LYLE
v.
MEMAR.
46658.
Supreme Court of Georgia.
Decided May 4, 1989.McGahee, Benning, Fletcher, Harley & Fletcher, C. Thompson Harley, for appellant.
Johnston, Wilkin & Williams, William J. Williams, for appellee.
CLARKE, Presiding Justice.
Appellant Lyle appeals from an order of the Superior Court of Columbia County granting a permanent injunction to Memar, the purchaser of his medical billing business, Bureau of Medical Economics, Inc. (BME). Lyle sold all of his stock in the company to Memar in 1986. He remained an employee of the company. Both the sale agreement and the employment agreement contained restrictive covenants. In July 1988, Lyle left BME and began another company with several BME employees. Memar sued to enjoin his competition with BME. Memar failed to make the August 1988, payment due under the sale agreement. Lyle sought a declaratory judgment that since Memar had breached the sales agreement, the BME stock reverted to Lyle.

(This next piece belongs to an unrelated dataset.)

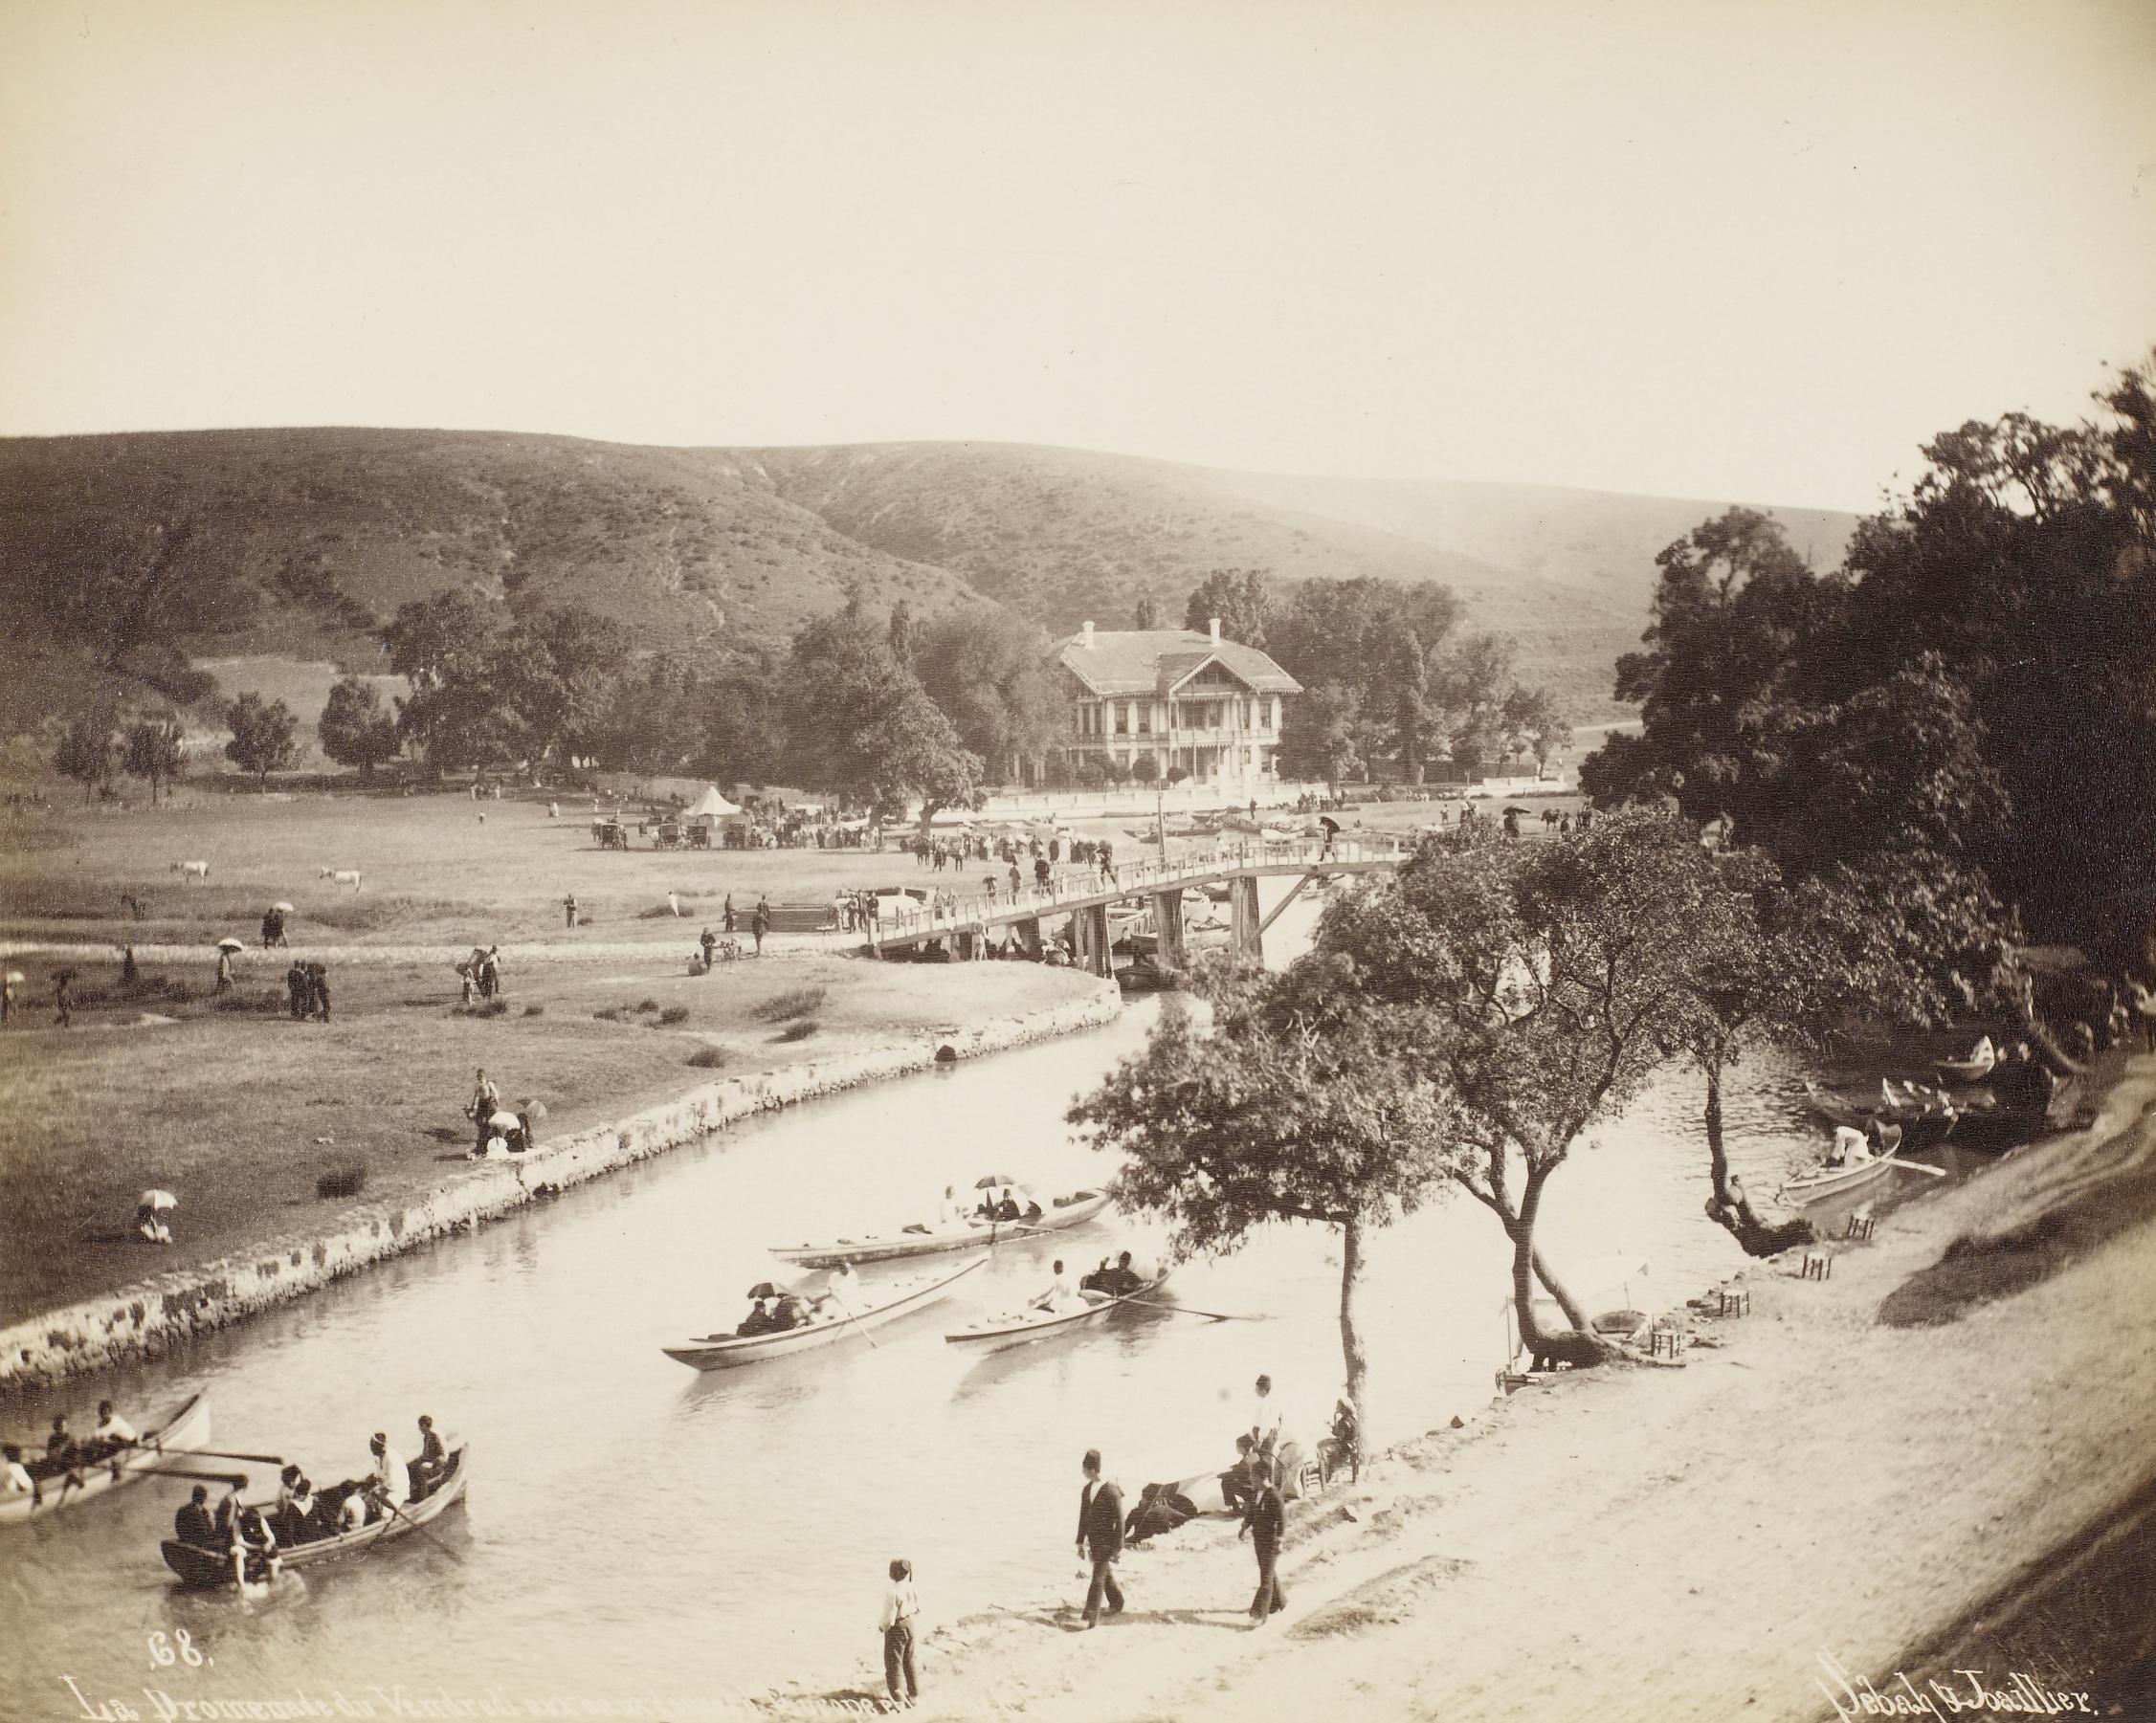 Kağıthane Valley. Photograph by Jean Pascal Sébah (1872–1947), c. 1884–1905. Public domain.

The trial court found that the restrictive covenants of the sale agreement and the employment contract, taken together, were valid. The court found as a matter of law that Lyle had competed against *210 Memar and that this constituted a breach of contract which excused the failure of Memar to make the August 1988 payment under the sales agreement.
The sale agreement and employment agreement in question were executed in November 1986, and June 1988, respectively. The parties agree that neither agreement, standing alone, is enforceable. However, the court found that these agreements could be considered together. Relying upon Watson v. Waffle House, 253 Ga. 671 (324 SE2d 175) (1985), the court found that the overbroad parts of the covenant could be blue penciled or severed. In Watson we noted that covenants in the sale of a business, unlike covenants in contracts of employment, can be blue penciled to make them valid. We find now that if a contract for the sale of a business and an employment contract are part of the same transaction they may be construed together to supply missing elements and blue penciled to make overbroad terms valid.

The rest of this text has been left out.